Re: [RFC] mm: a question about high-order check in __zone_watermark_ok()

2016-09-28 Thread Xishi Qiu
On 2016/9/28 13:52, Joonsoo Kim wrote:

> On Mon, Sep 26, 2016 at 01:02:31PM +0200, Michal Hocko wrote:
>> On Mon 26-09-16 18:17:50, Xishi Qiu wrote:
>>> On 2016/9/26 17:43, Michal Hocko wrote:
>>>
 On Mon 26-09-16 17:16:54, Xishi Qiu wrote:
> On 2016/9/26 16:58, Michal Hocko wrote:
>
>> On Mon 26-09-16 16:47:57, Xishi Qiu wrote:
>>> commit 97a16fc82a7c5b0cfce95c05dfb9561e306ca1b1
>>> (mm, page_alloc: only enforce watermarks for order-0 allocations)
>>> rewrite the high-order check in __zone_watermark_ok(), but I think it
>>> quietly fix a bug. Please see the following.
>>>
>>> Before this patch, the high-order check is this:
>>> __zone_watermark_ok()
>>> ...
>>> for (o = 0; o < order; o++) {
>>> /* At the next order, this order's pages become 
>>> unavailable */
>>> free_pages -= z->free_area[o].nr_free << o;
>>>
>>> /* Require fewer higher order pages to be free */
>>> min >>= 1;
>>>
>>> if (free_pages <= min)
>>> return false;
>>> }
>>> ...
>>>
>>> If we have cma memory, and we alloc a high-order movable page, then 
>>> it's right.
>>>
>>> But if we alloc a high-order unmovable page(e.g. alloc kernel stack in 
>>> dup_task_struct()),
>>> and there are a lot of high-order cma pages, but little high-order 
>>> unmovable
>>> pages, the it is still return *true*, but we will alloc *failed* 
>>> finally, because
>>> we cannot fallback from migrate_unmovable to migrate_cma, right?
>>
>> AFAIR CMA wmark check was always tricky and the above commit has made
>> the situation at least a bit more clear. Anyway IIRC 
>>
>> #ifdef CONFIG_CMA
>>  /* If allocation can't use CMA areas don't use free CMA pages */
>>  if (!(alloc_flags & ALLOC_CMA))
>>  free_cma = zone_page_state(z, NR_FREE_CMA_PAGES);
>> #endif
>>
>>  if (free_pages - free_cma <= min + z->lowmem_reserve[classzone_idx])
>>  return false;
>>
>> should reduce the prioblem because a lot of CMA pages should just get us
>> below the wmark + reserve boundary.
>
> Hi Michal,
>
> If we have many high-order cma pages, and the left pages 
> (unmovable/movable/reclaimable)
> are also enough, but they are fragment, then it will triger the problem.
> If we alloc a high-order unmovable page, water mark check return *true*, 
> but we
> will alloc *failed*, right?

 As Vlastimil has written. There were known issues with the wmark checks
 and high order requests.
>>>
>>> Shall we backport to stable?
>>
>> I dunno, it was a part of a larger series with high atomic reserves and
>> changes which sound a bit intrusive for the stable kernel. Considering
>> that CMA was known to be problematic and there are still some issues
>> left I do not think this is worth the trouble/risk.
> 
> CMA problem is known one. I mentioned it on my ZONE_CMA series v1 but
> removed due to Mel's high atomic reserve series.
> 
> That series is rather large and has some problems so I think that it
> is not suitable for stable tree.
> 
> Thanks.
> 

OK, I know, thank you very much.

Thanks,
Xishi Qiu

> .
> 





Re: [RFC] mm: a question about high-order check in __zone_watermark_ok()

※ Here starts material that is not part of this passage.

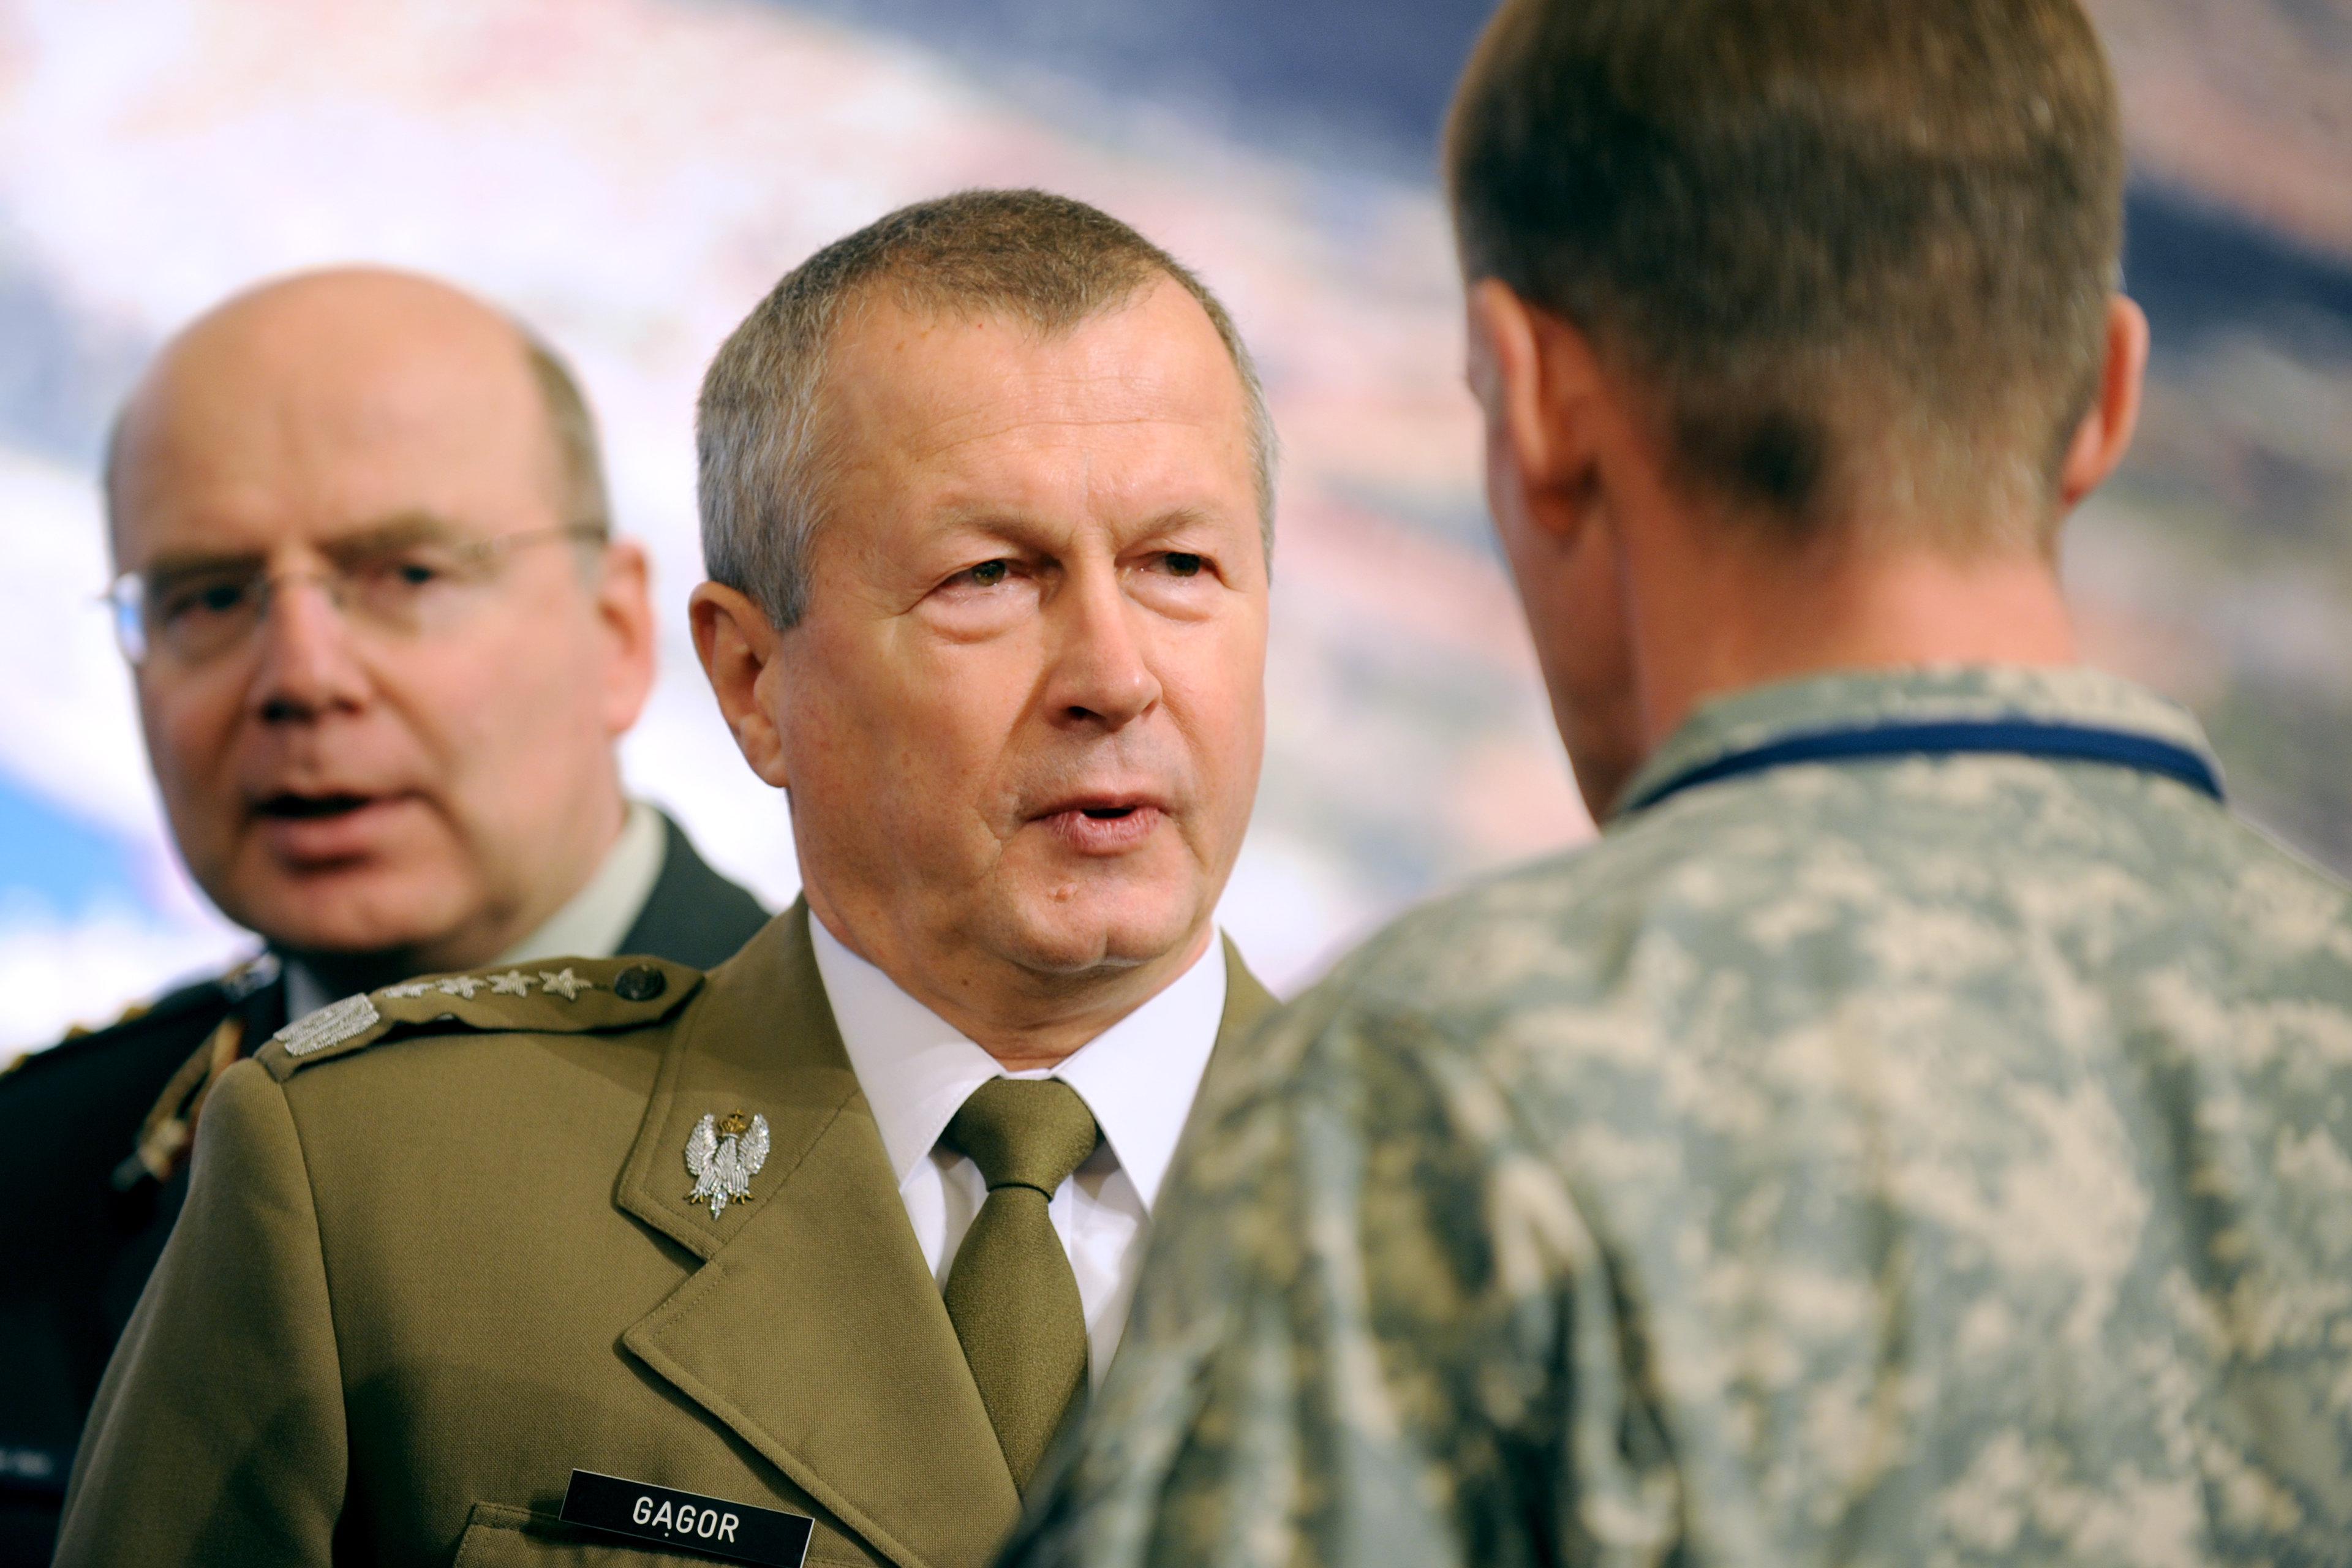 Generał Franciszek Gągor w czasie sprawowania obowiązków wojskowych. Generał zginął w czasie podróży do smoleńska 10 kwietnia 2010 r. Miał 58 lat. (fot. Siły zbrojne USA/domena publiczna)

2016-09-27 Thread Joonsoo Kim
On Mon, Sep 26, 2016 at 01:02:31PM +0200, Michal Hocko wrote:
> On Mon 26-09-16 18:17:50, Xishi Qiu wrote:
> > On 2016/9/26 17:43, Michal Hocko wrote:
> > 
> > > On Mon 26-09-16 17:16:54, Xishi Qiu wrote:
> > >> On 2016/9/26 16:58, Michal Hocko wrote:
> > >>
> > >>> On Mon 26-09-16 16:47:57, Xishi Qiu wrote:
> >  commit 97a16fc82a7c5b0cfce95c05dfb9561e306ca1b1
> >  (mm, page_alloc: only enforce watermarks for order-0 allocations)
> >  rewrite the high-order check in __zone_watermark_ok(), but I think it
> >  quietly fix a bug. Please see the following.
> > 
> >  Before this patch, the high-order check is this:
> >  __zone_watermark_ok()
> > ...
> > for (o = 0; o < order; o++) {
> > /* At the next order, this order's pages become 
> >  unavailable */
> > free_pages -= z->free_area[o].nr_free << o;
> > 
> > /* Require fewer higher order pages to be free */
> > min >>= 1;
> > 
> > if (free_pages <= min)
> > return false;
> > }
> > ...
> > 
> >  If we have cma memory, and we alloc a high-order movable page, then 
> >  it's right.
> > 
> >  But if we alloc a high-order unmovable page(e.g. alloc kernel stack in 
> >  dup_task_struct()),
> >  and there are a lot of high-order cma pages, but little high-order 
> >  unmovable
> >  pages, the it is still return *true*, but we will alloc *failed* 
> >  finally, because
> >  we cannot fallback from migrate_unmovable to migrate_cma, right?
> > >>>
> > >>> AFAIR CMA wmark check was always tricky and the above commit has made
> > >>> the situation at least a bit more clear. Anyway IIRC 
> > >>>
> > >>> #ifdef CONFIG_CMA
> > >>> /* If allocation can't use CMA areas don't use free CMA pages */
> > >>> if (!(alloc_flags & ALLOC_CMA))
> > >>> free_cma = zone_page_state(z, NR_FREE_CMA_PAGES);
> > >>> #endif
> > >>>
> > >>> if (free_pages - free_cma <= min + 
> > >>> z->lowmem_reserve[classzone_idx])
> > >>> return false;
> > >>>
> > >>> should reduce the prioblem because a lot of CMA pages should just get us
> > >>> below the wmark + reserve boundary.
> > >>
> > >> Hi Michal,
> > >>
> > >> If we have many high-order cma pages, and the left pages 
> > >> (unmovable/movable/reclaimable)
> > >> are also enough, but they are fragment, then it will triger the problem.
> > >> If we alloc a high-order unmovable page, water mark check return *true*, 
> > >> but we
> > >> will alloc *failed*, right?
> > > 
> > > As Vlastimil has written. There were known issues with the wmark checks
> > > and high order requests.
> > 
> > Shall we backport to stable?
> 
> I dunno, it was a part of a larger series with high atomic reserves and
> changes which sound a bit intrusive for the stable kernel. Considering
> that CMA was known to be problematic and there are still some issues
> left I do not think this is worth the trouble/risk.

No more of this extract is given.